See development guide →

📦 Publishing to npm

This package publishes to npm as @madmatt112org/spec-workflow-mcp via a manually-dispatched GitHub Actions workflow. Three gates run before any version reaches the registry.

Version source

package.json version is the single source of truth. There is no auto-bump. Use npm version (preferred) or edit package.json directly:

npm version patch    # 3.0.0 → 3.0.1, also creates git tag v3.0.1
npm version minor    # 3.0.0 → 3.1.0
npm version major    # 3.0.0 → 4.0.0

scripts/sync-plugin-version.js keeps the .claude-plugin/*.json manifest versions in sync. After bumping, run npm run sync:plugin-version to update the manifests; CI runs npm run check:plugin-version and fails if they drift.

Publish gates

The Publish to npm workflow (.github/workflows/npm-publish.yml) runs three jobs in sequence — every step must pass before the publish job runs:

1. test — calls ci.yml (typecheck, build, plugin-version sync check, full vitest suite).
2. preflight:
   • Registry uniqueness: aborts if package.json version is already published.
   • Git tag check: requires a v<version> tag pointing at the exact commit being run.
3. publish — npm publish --access public --tag <input>.

Publishing steps

# 1. Bump version + create matching git tag
npm version patch          # or minor / major

# 2. Push commit and tag together
git push origin main --follow-tags

# 3. Trigger the workflow
#    GitHub → Actions → "Publish to npm" → "Run workflow"
#    tag input: latest (or beta / next for pre-release routing)

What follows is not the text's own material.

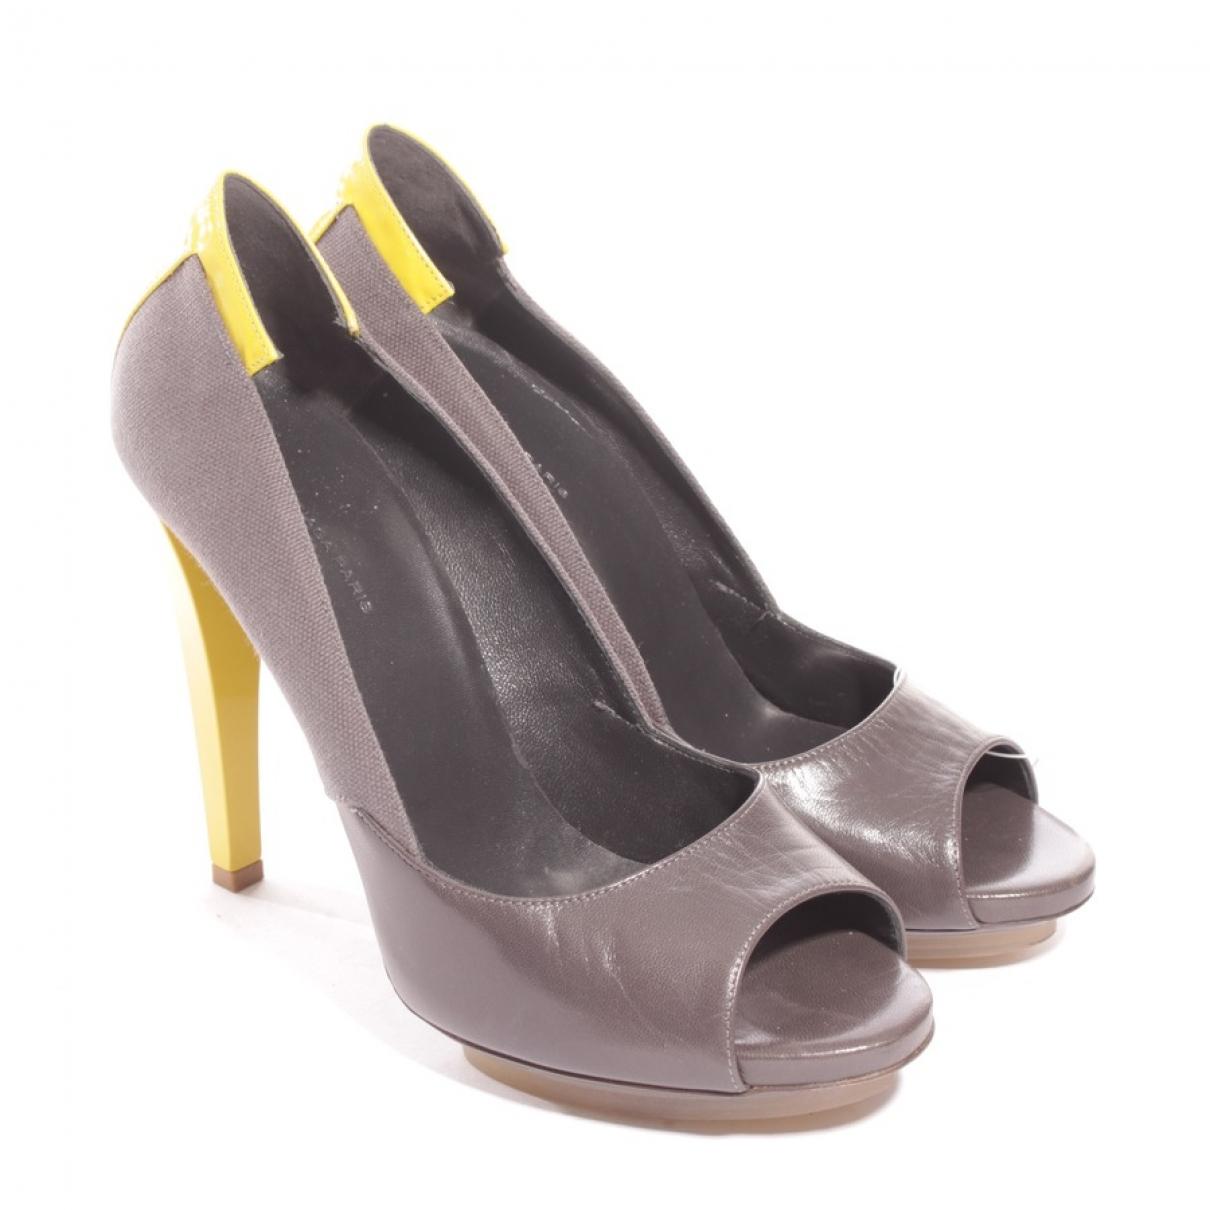 Balenciaga \N Multicolour Leather Heels for Women 39.5 EU

The tag input controls the npm dist-tag, not the version. For a first cautious release, dispatch with next, then promote later:

npm dist-tag add @madmatt112org/spec-workflow-mcp@<version> latest

Required secrets

Set in Settings → Secrets and variables → Actions:

• NPM_TOKEN — npm Granular Access Token with read+write on @madmatt112org/*. 2FA-for-publish must be enabled on the npm account.

Common failure modes

| Error | Cause | Fix | |---|---|---| | Version X.Y.Z is already published | Forgot to bump | npm version patch and re-dispatch | | Expected git tag vX.Y.Z does not exist | Tag missing or not pushed | git tag v<ver> && git push origin v<ver> | | Tag points at <sha> but workflow is running on <sha> | Tag is on a different commit | Move tag (git tag -f v<ver>) or run from the tagged commit | | 403 Forbidden from npm publish | Token lacks scope permission, or org membership wrong | Regenerate token with @madmatt112org/* scope | | check:plugin-version fails in CI | Manifest versions drifted | npm run sync:plugin-version, commit, push |

📄 License

GPL-3.0

Credit

Originally forked from Pimzino/spec-workflow-mcp at version 2.2.6. Upstream did not respond to feature PRs, so this fork carries the work forward independently. Released under the same GPL-3.0 license as upstream.